Invalid parameters or state for the current libnbd call.  (This can
also indicate that requests are not aligned to
L</Block size constraints>).

=item C<ENOTSUP>

The libnbd call is not available in this build of libnbd (eg. when
using a TLS API if the library was compiled without TLS support).

=item C<ENOMEM>

The library ran out of memory while performing some operation.

=item C<ERANGE>

A request is too large, for example if you try to read too many bytes
in a single L<nbd_pread(3)> call.

=item C<EFAULT>

A pointer parameter was C<NULL> when it should be non-NULL.
See the section below.

=back

=head2 Non-NULL parameters

Almost all libnbd functions when called from C take one or more
pointer parameters that must not be C<NULL>.  For example, the handle
parameter, strings and buffers should usually not be C<NULL>.

If a C<NULL> is passed as one of these parameters, libnbd attempts to
return an error with L<nbd_get_errno(3)> returning C<EFAULT>.
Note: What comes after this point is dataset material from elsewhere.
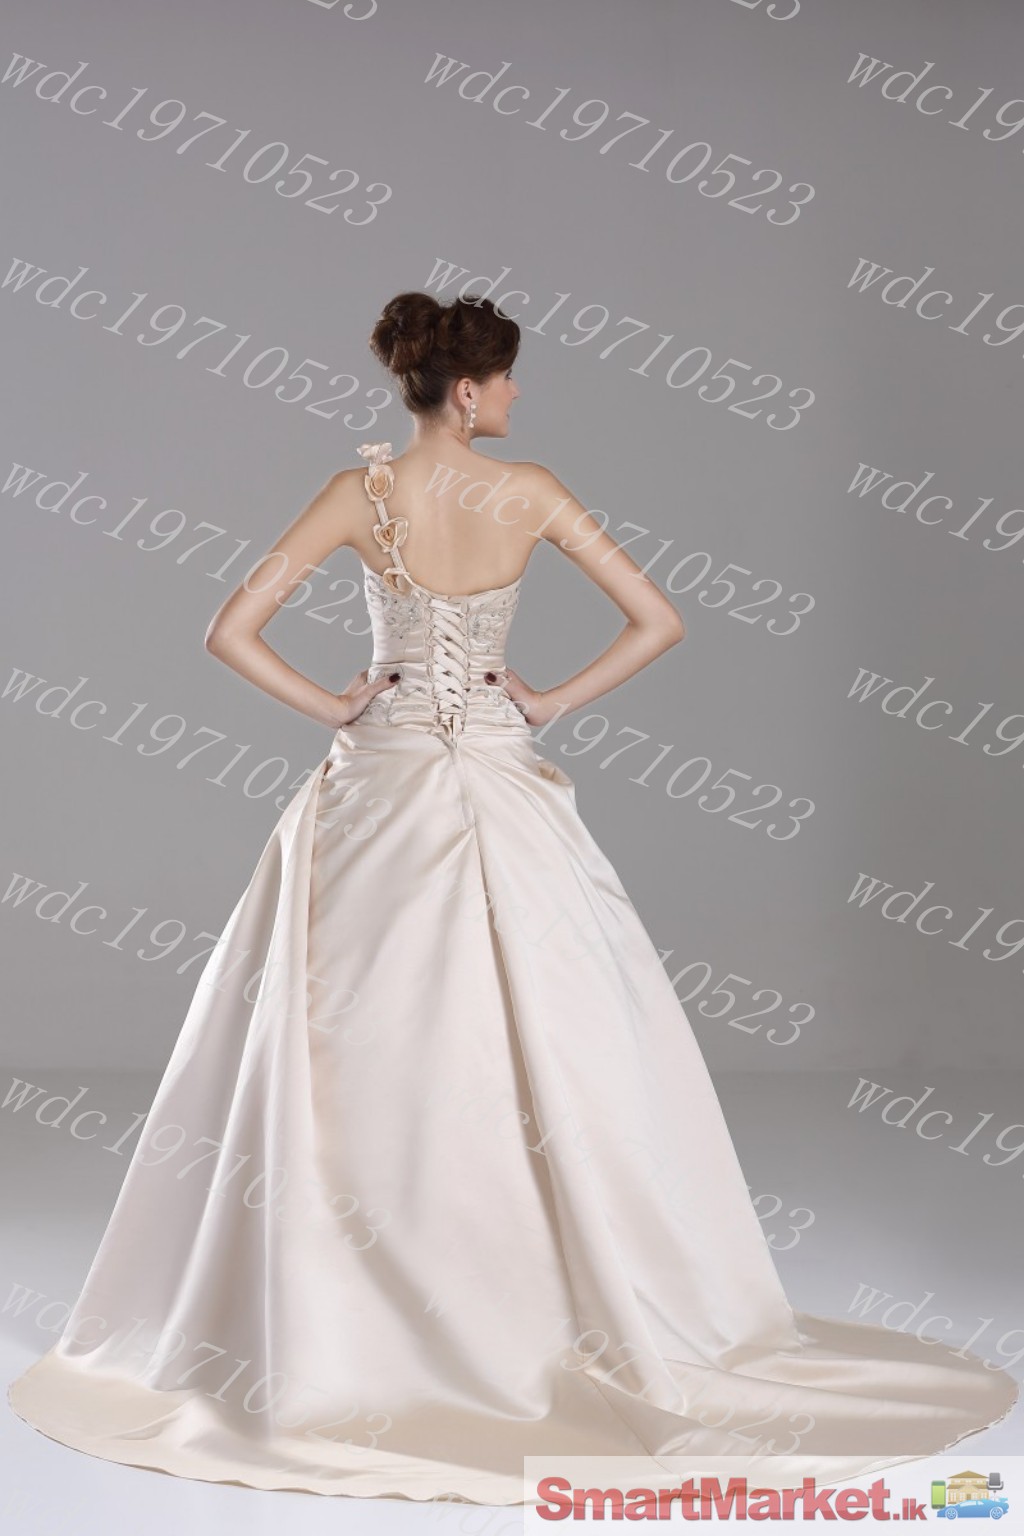 Bridal Gown - Cream Color Brand New Gorgeous gown for quick sale

However it may cause other compiler-related warnings and even
undefined behaviour, so you should try to avoid this programming
mistake.

=head1 DEBUGGING MESSAGES

Libnbd can print lots of debugging messages, useful if you have a
problem with the library.  Either enable debugging after creating the
handle:

 nbd = nbd_create ();
 nbd_set_debug (nbd, true);

or set the C<LIBNBD_DEBUG=1> environment variable which will enable
debugging by default on all new handles.

Debugging messages are sent to stderr by default, but you can redirect
them to a logging system using L<nbd_set_debug_callback(3)>.

=head1 CONNECTING TO LOCAL OR REMOTE NBD SERVERS

There are several ways to connect to NBD servers, and you can even run
a server from libnbd.  Normally you would connect to a server which is
already running, over a local Unix domain socket or a remote TCP
connection.  The high level API calls are:

 nbd_connect_unix (nbd, "socket");
 nbd_connect_tcp (nbd, "localhost", "nbd");

For L<nbd_connect_tcp(3)> the third parameter is the port name or number,
which can either be a name from F</etc/services> or the port number as
a string (eg. C<"10809">).

=head2 Connecting to an NBD URI

libnbd supports the
L<NBD URI specification|https://github.com/NetworkBlockDevice/nbd/blob/master/doc/uri.md>.
The format of URIs is documented in L<nbd_connect_uri(3)>.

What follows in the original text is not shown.